當人們遠離“舊染汙俗”之後,又如何基於“新思想”正確地安排時間,乃至適當地使用身體,與推動平民教育形成密切關聯?黎裏市民公社社長殷佩六在公社成立一周年之際,列舉8項今後應該努力的目標。其中,除了修路、設置路燈等基礎建設之外,還有組織通俗演講團、設立通俗教育館、辦理閱報社、籌備公共體育場、組織公共娛樂場所等六個項目,都跟平民教育有關。可見克服“舊染汙俗”的平民教育,在當時是如何受重視。[69]

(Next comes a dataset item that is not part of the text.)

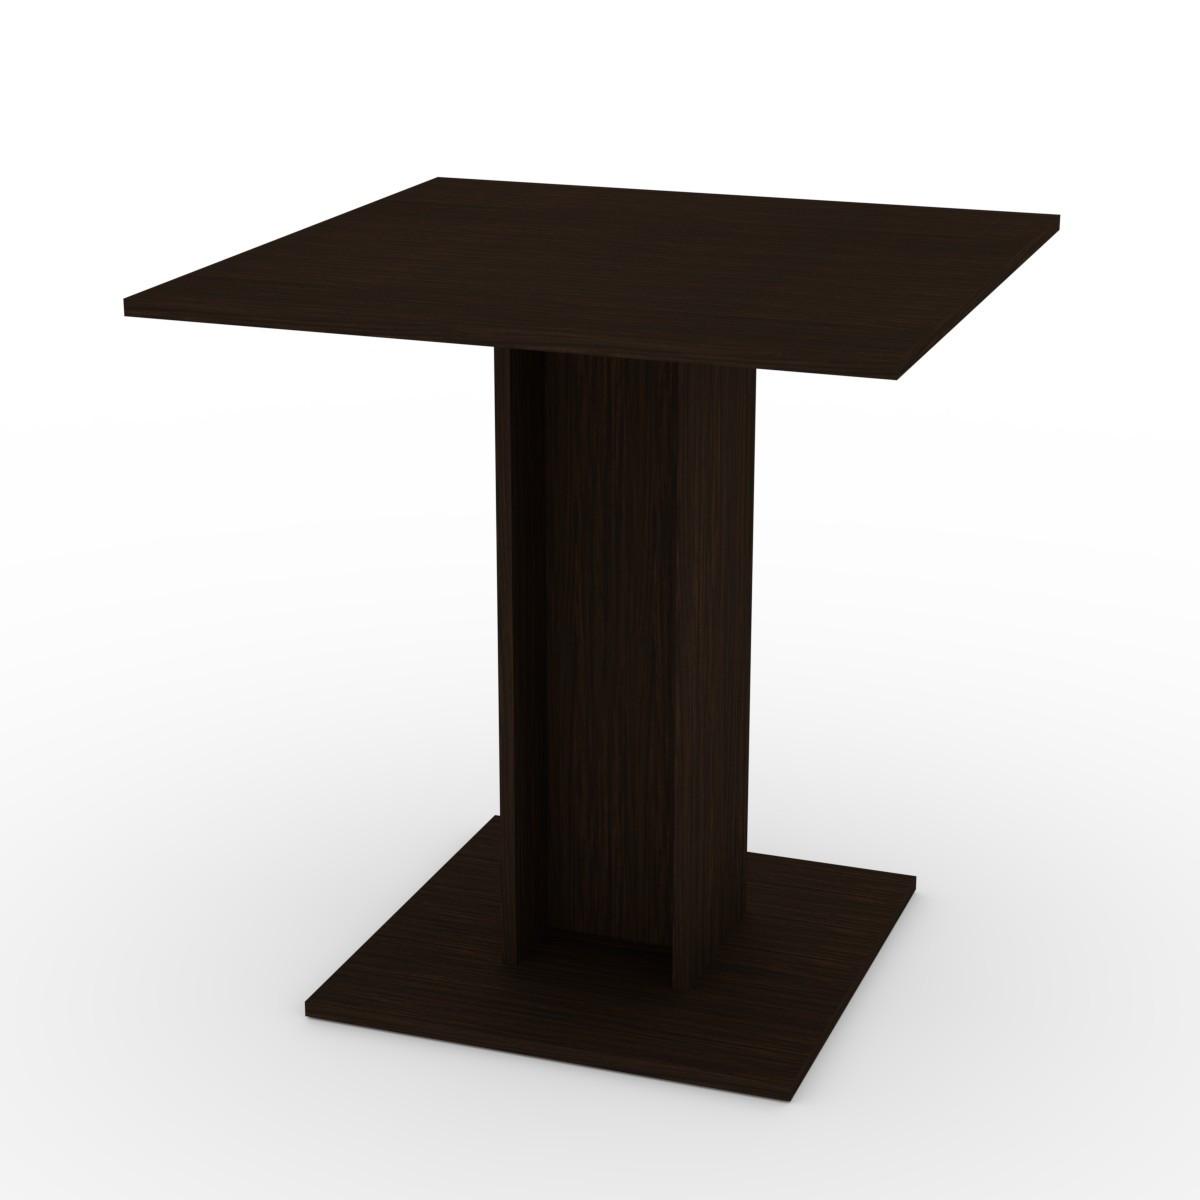 Стол кухонный КС-7 венге темный Компанит (70х70х74 см)

誠如第二節所述,20世紀20年代恢複地方自治後,為了落實“民治”,新知識分子試圖以商人與知識分子為中心,建立有別於傳統“紳治”的自治。在這一理念下,知識分子雖開始將“一般平民”視為構成自治的一部分,但怎麽去理解民眾及其民俗、文化,推動平民教育者之間也存在著看法和方法上的分歧。下麵將他們對民間文化的討論,大致分為三種:①作為克服對象的民間文化;②作為啟蒙手段的民間文化;③作為藝術的民間文化,概述平民教育者背後的民俗觀,以及與他們密切相關的文明觀。
首先以當時對廟會的討論為代表,厘清第一種看法。本章使用的地方報有許多關於廟會的報道和評論。其中震澤鎮東側的雙楊村,有座廟宇叫雙楊廟,每十年舉行一次“雙楊會”。1924年適逢辦會之年,支持派與反對派爆發了激烈的衝突,引起各方注目。雙楊會從農曆三月二日開始,隨後的15天內,抬著雙楊廟的城隍神像出巡至震澤、梅堰、盛澤各鎮,規模極為盛大。據反對派的估計,出巡時周圍的圩一共要出70艘“會船”,每艘船搭乘30多人。有一篇以浪費時間和金錢為報道角度的文章指出:雙楊廟會期間,信眾的飲食費每天要4角,共13000元;會船的裝飾費每艘4000元;加上信眾至少動員500艘船,各項經費統計逾10萬元。報道內容對此深表擔憂。[70]